They shall bring gold and frankincense,

   and shall proclaim the praise of the Lord.”

          As Brueggemann says, “This is a great cause for celebration, because God, in this poem, has promised to make the great city of Jerusalem work effectively in peace and prosperity.  The poem contradicts the present dysfunction of the city.  This is a promise from God, thus very sure.” (p. 130) He goes on to describe this text as the description of a way that will allow the people of Israel to return to normalcy. 

          Isn’t that what we are longing for – a return to normalcy? Prosperity for our city?  Restoration? 

          I think it is, but I also think we must be careful and thoughtful and compassionate as we move in that direction.  What will ‘normal’ look like after this pandemic?  What will prosperity look like in Portland?  What will restoration look like for any of us and for all of us?

          As we think about these things, maybe we start with our values, hoping that those shape the answers to these challenges.  As people who follow Jesus, we place the highest value on love and grace, which might look like compassion, empathy, forgiveness, and mercy.

          As people who follow the God of Isaiah and all the prophet, we place a high value on justice, which means, as we read the scripture, making sure that the most vulnerable among us are provided for in whatever plans we make.  As people of faith, we value hope – hope that God is not finished with us, with our city, or with our world, that God desires goodness for all of us, even more than we desired it for ourselves.

          And so a cleaned-up Delta Park or a bustling downtown must include, using the values of our faith, a plan for shelter, for addiction treatment, for physical and mental health care.  It’s not enough that the soccer pitches are clean and safe; it’s not enough to move the unsheltered to a different place.  We must also provide for them, those who live on the margins.

          And oh my goodness, that takes so much work.  And patience.  And hope.  It may be true that some who live in dire situations do not want help.  That saddens me, because I make the assumption that they do not think enough of themselves to want better, and I have a hunch my assumption may be totally off.

          So what do we do?  How do recast Isaiah’s vision for our city?

          First we look at what is already being done.  The city is looking into creating three villages with very modest, temporary cabin-like structures where the unsheltered can live.  Other non-profits, including Westminster and a consortium of faith-based communities, are in the process of building affordable housing.  That is an exciting expression of faith.

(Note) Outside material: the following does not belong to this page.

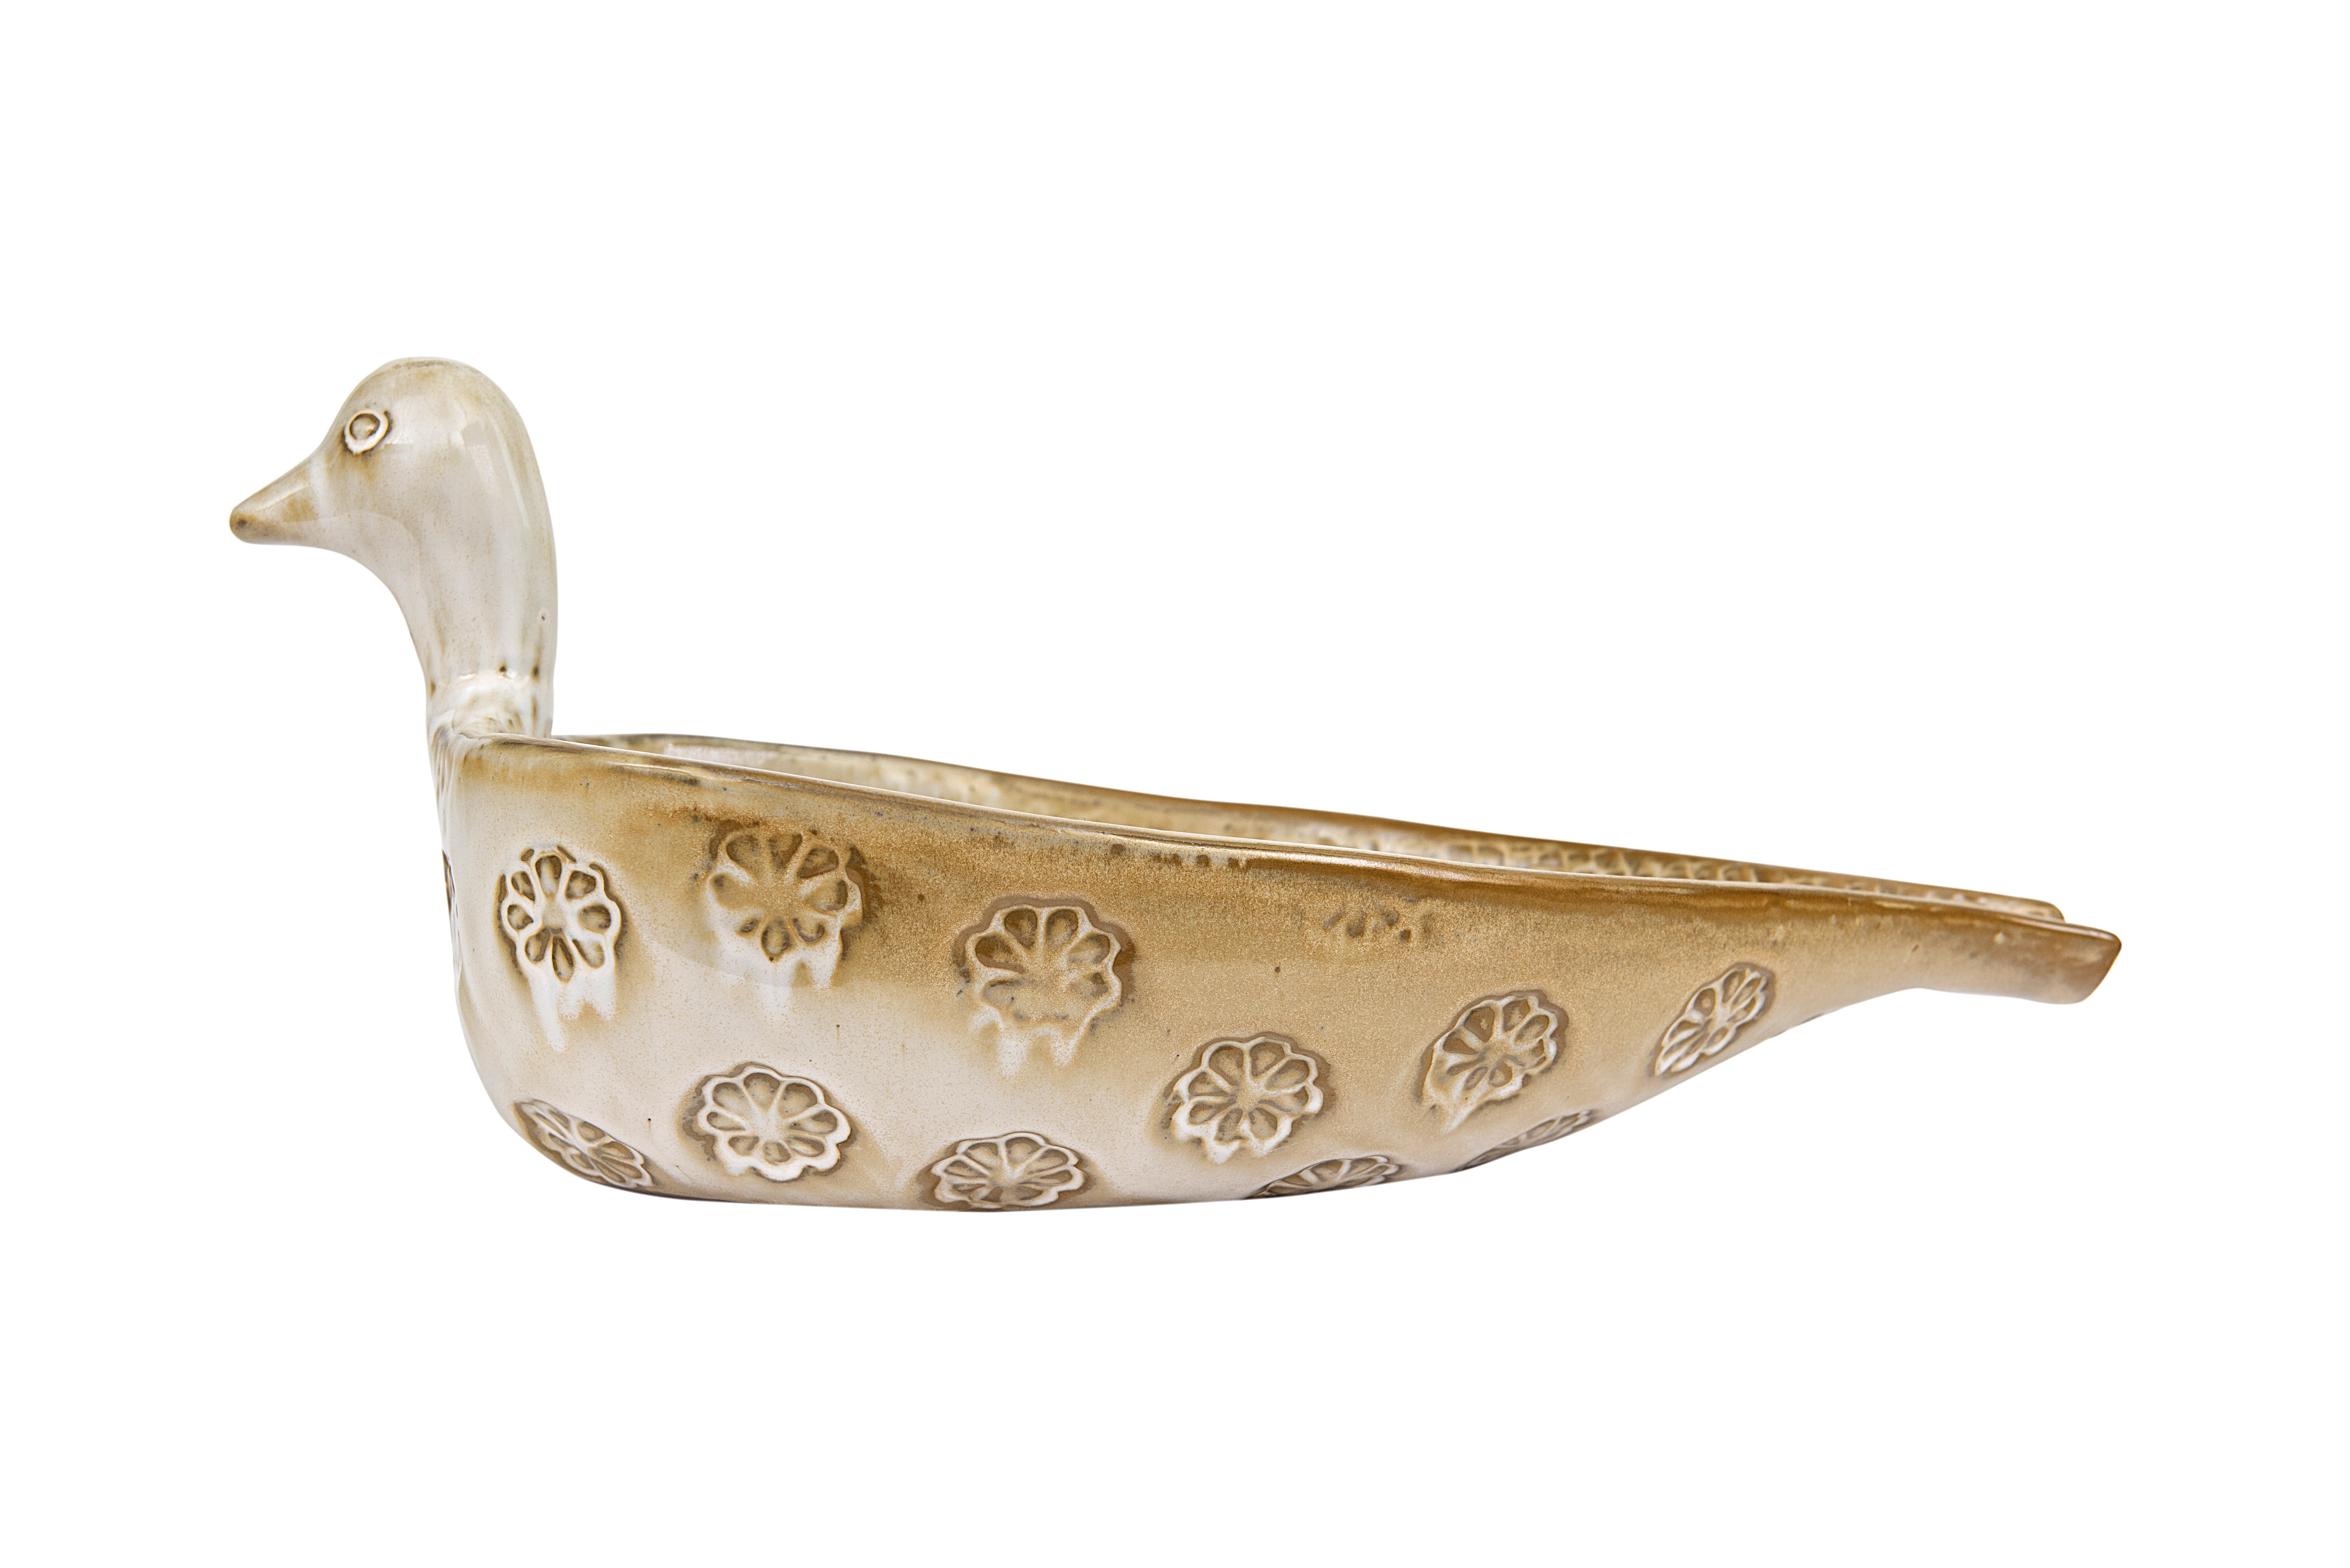 Decorative Terra-Cotta Bird Bowl in Distressed Cream Finish - Image 0

          For those living with addiction – what do we do?  I imagine every one of us knows someone who is addicted to alcohol, painkillers, or some other substance that tears apart the body and soul.  We might examine our own tendencies toward addiction, to develop our empathy.  We might learn about the neuroscience of addiction.  We might press our elected officials to offer better services.  And we might have to accept that some people will never escape their addiction, and might die from it, and know that they too deserve our love and compassion.

          For those roaming our streets who live with untreated mental illness – that is a hard one.  We have all sort of medications and therapies that help those who live with schizophrenia or bipolar disorder or other illnesses, but – compliance in taking the meds, and access to the meds are stumbling blocks.  We simply need more services to help with mental illness – Unity Center for Behavioral Health is utterly overwhelmed. 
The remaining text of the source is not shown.